How We Designed Agently: Uncertainty, Contained¶

Schema first, generation second: turn free-form text into verifiable contracts via structured outputs. See Output Format Control.
Workflow first, autonomy inside nodes: use TriggerFlow to make multi-step agent behavior predictable and reviewable. See TriggerFlow Overview.
Evidence first, then ship: tool calls, metadata, and runtime events are retrievable for debugging and evaluation. See Tools, Response Result, and Runtime Stream.

Scenario 1: “JSON output” breaks the API contract¶

We’ve watched teams require JSON, ship quickly, and then hit production where the model returns missing keys, extra prose, or inconsistent structures. A single parse failure can cascade into queue backlogs, retry storms, and alerts across the stack.

What Agently does: define the contract with output(), validate critical paths with ensure_keys, and retry predictably.

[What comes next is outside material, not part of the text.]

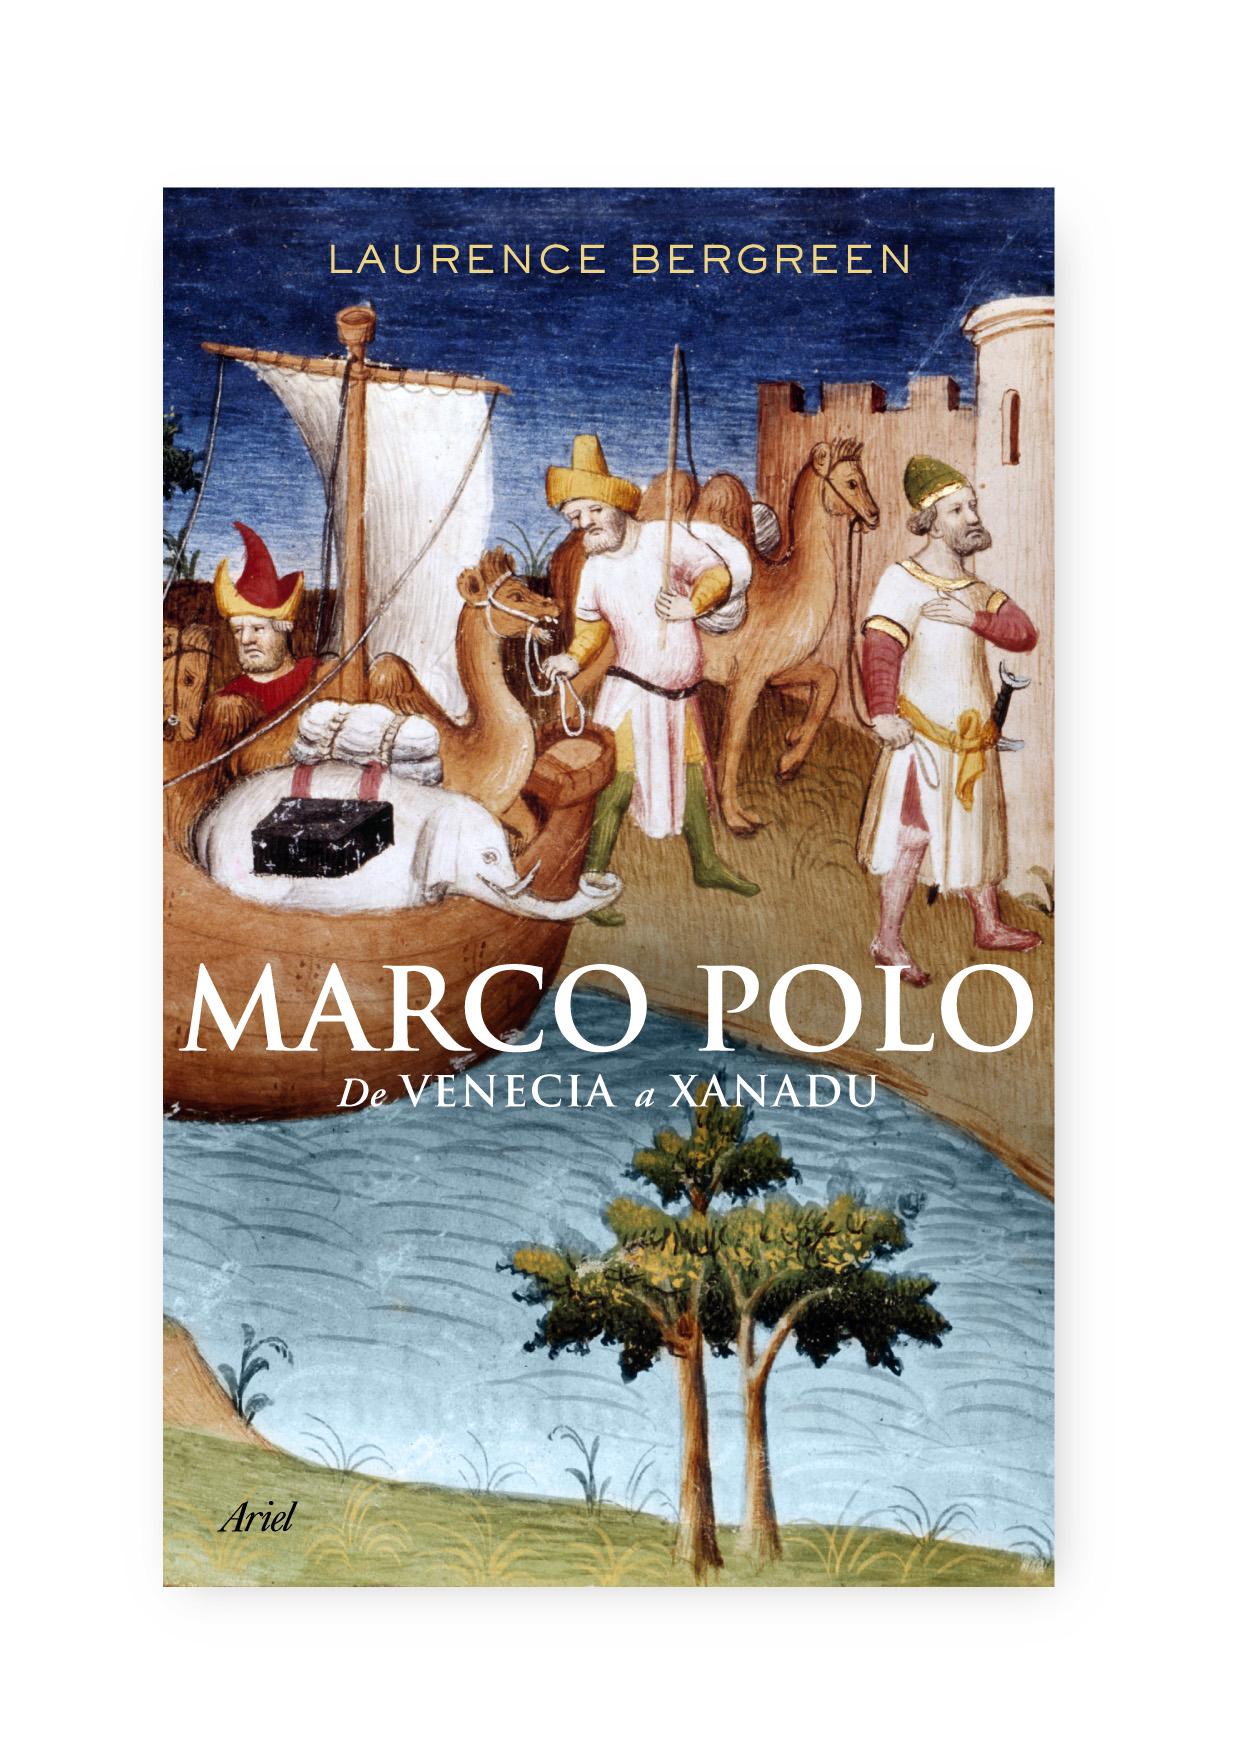 MARCO POLO: DE VENECIA A XANADU | LAURENCE BERGREEN | Comprar libro ...

The key difference is where this reliability comes from. Instead of relying on provider-specific switches (e.g. response_format / JSON schema flags) to “guarantee” valid JSON, Agently’s schema alignment, streaming parsing, key validation, and retries are handled inside the framework pipeline. As long as the backend can do normal chat/completion, you can keep your contract stable even when you switch models or inference servers—practically decoupled from model-provider features, and friendly to most modern 7B+ instruction models released since 2024.

Business impact: - Stable integration with downstream services - Controlled failure modes (retry/fallback) instead of cascading incidents - Faster delivery: product requirements become schemas engineers can enforce

from agently import Agently

agent = Agently.create_agent()

release = (
    agent.input("Write a weekly release announcement for enterprise customers")
    .output(
        {
            "title": (str, "Title"),
            "highlights": [(str, "3-5 highlights")],
            "compatibility": (str, "Compatibility notes"),
            "risk_notes": (str, "Risk and rollback notes"),
        }
    )
    .start(
        ensure_keys=["title", "highlights[*]", "risk_notes"],
        max_retries=1,
        raise_ensure_failure=False,
    )
)
print(release)

Scenario 2: The more tools you add, the more “mysterious” it gets¶

Agents inevitably need tools: ticketing, CRM, approvals, internal APIs, databases. The first tool is easy. The tenth is where you start seeing wrong parameters, unexpected tool timing, and failures nobody can reproduce.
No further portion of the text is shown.